William Brown (birth name unknown) was a Black woman who joined the Royal Navy in the early nineteenth century. It is undisputed that she was a sailor of HMS Queen Charlotte, but historians have reached varying conclusions about her service record.

==Two contrasting sources==
The muster list of HMS Queen Charlotte shows that William Brown joined the crew on 23 May 1815, and was discharged on 19 June that year for "being a female". The record gives her place of origin as the Caribbean island of Grenada, states her age as 21 years old, and rates her as a "landsman", the lowest grade of adult crew member in the Royal Navy at the time, intended for personnel who were not fully trained seamen.

A more detailed narrative appeared in The Times on 2 September 1815 (swiftly reprinted in The Annual Register), claiming that her service aboard the Queen Charlotte was more extensive and more prestigious:

Amongst the crew of the Queen Charlotte, 110 guns, recently paid off, is now discovered, was a female African, who served as a seaman in the Royal Navy for upwards of eleven years, several of which she has been rated able on the books of the above ship by the name of William Brown, and has served for some time as the captain of the fore-top, highly to the satisfaction of the officers. She is a smart well formed-figure, about five feet four inches in height, possessed of considerable strength and great activity; her features are rather handsome for a black, and she appears to be about 26 years of age. Her share of prize money is said to be considerable, respecting which she has been several times within the last few days at Somerset-place. In her manner she exhibits all the traits of a British tar, and takes her grog with her late mess-mates with the greatest gaiety. She says she is a married woman; and went to sea in consequence of a quarrel with her husband, who, it is said, has entered a caveat against her receiving her prize money. She declares her intention of again entering the service as a volunteer.

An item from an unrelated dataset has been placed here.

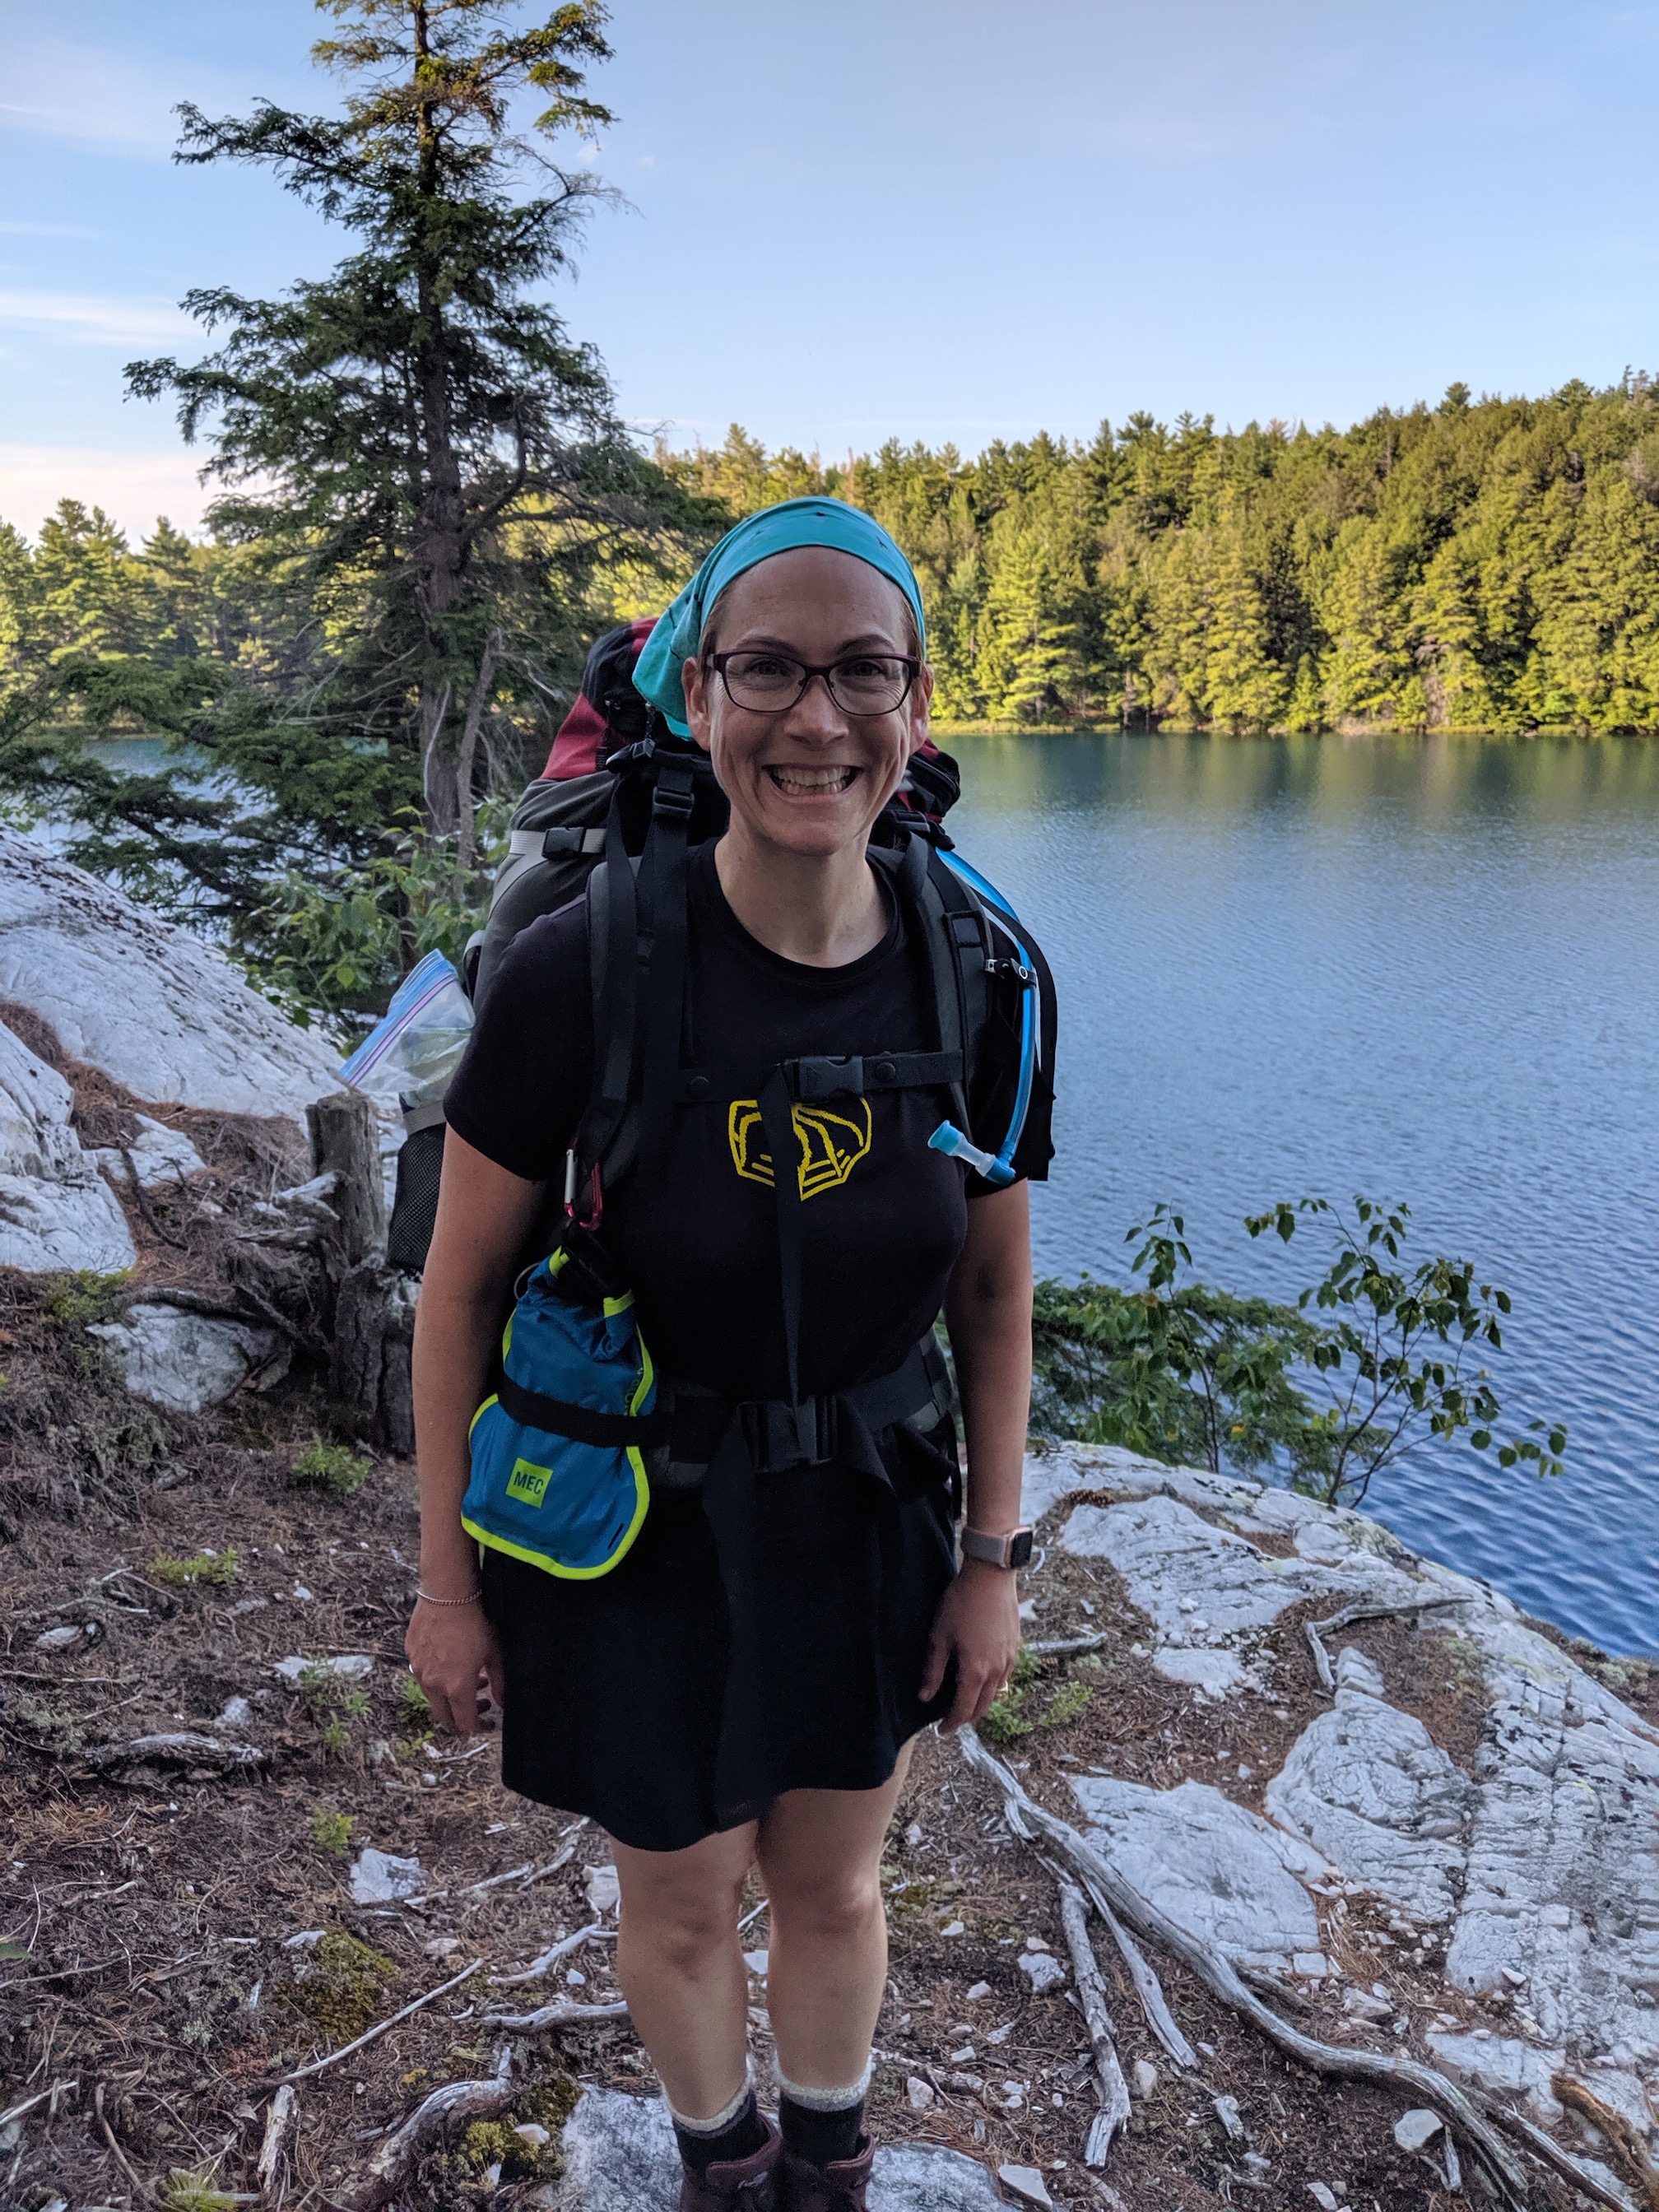 Me in a black Tshirt with a yellow spider on it (an old Torontula jersey from a long-ago phase of my life), a black skort, a teal bandanna, and a hiking pack with a blue dry bag tucked into the waist strap. I am standing in front of a lake surrounded by trees.

This report indicates that she had been born around 1789, joined the Royal Navy in her mid-teens about 1804, and served aboard the Queen Charlotte during its previous commission as flagship of the Channel Fleet in 1813–1814. It also claims that she was a highly capable sailor: an able seaman was a fully qualified member of the crew, who could steer with the ship's wheel, and navigate through shallow waters using a sounding lead as well as going up the rigging and out along the yardarms to adjust the ship's sails, while the "captain of the fore-top" was the leader of one of the elite teams of "topmen" who were the most skilled sailors aboard the ship, working high above the deck to control the upper sails of the foremast. To be captain of the fore-top aboard the flagship of Great Britain's premier battle fleet was to be recognized as one of the most capable sailors in the entire Royal Navy.

==Two contradictory interpretations==
Historians have offered varying reactions to the claim that a Black woman from the Caribbean held this prestigious and demanding position. Suzanne J. Stark, David Cordingly and Philip Haythornthwaite have taken the report seriously, whereas Rachel Boser has dismissed it as nothing more than a legend, and her interpretation has been followed in several recent works.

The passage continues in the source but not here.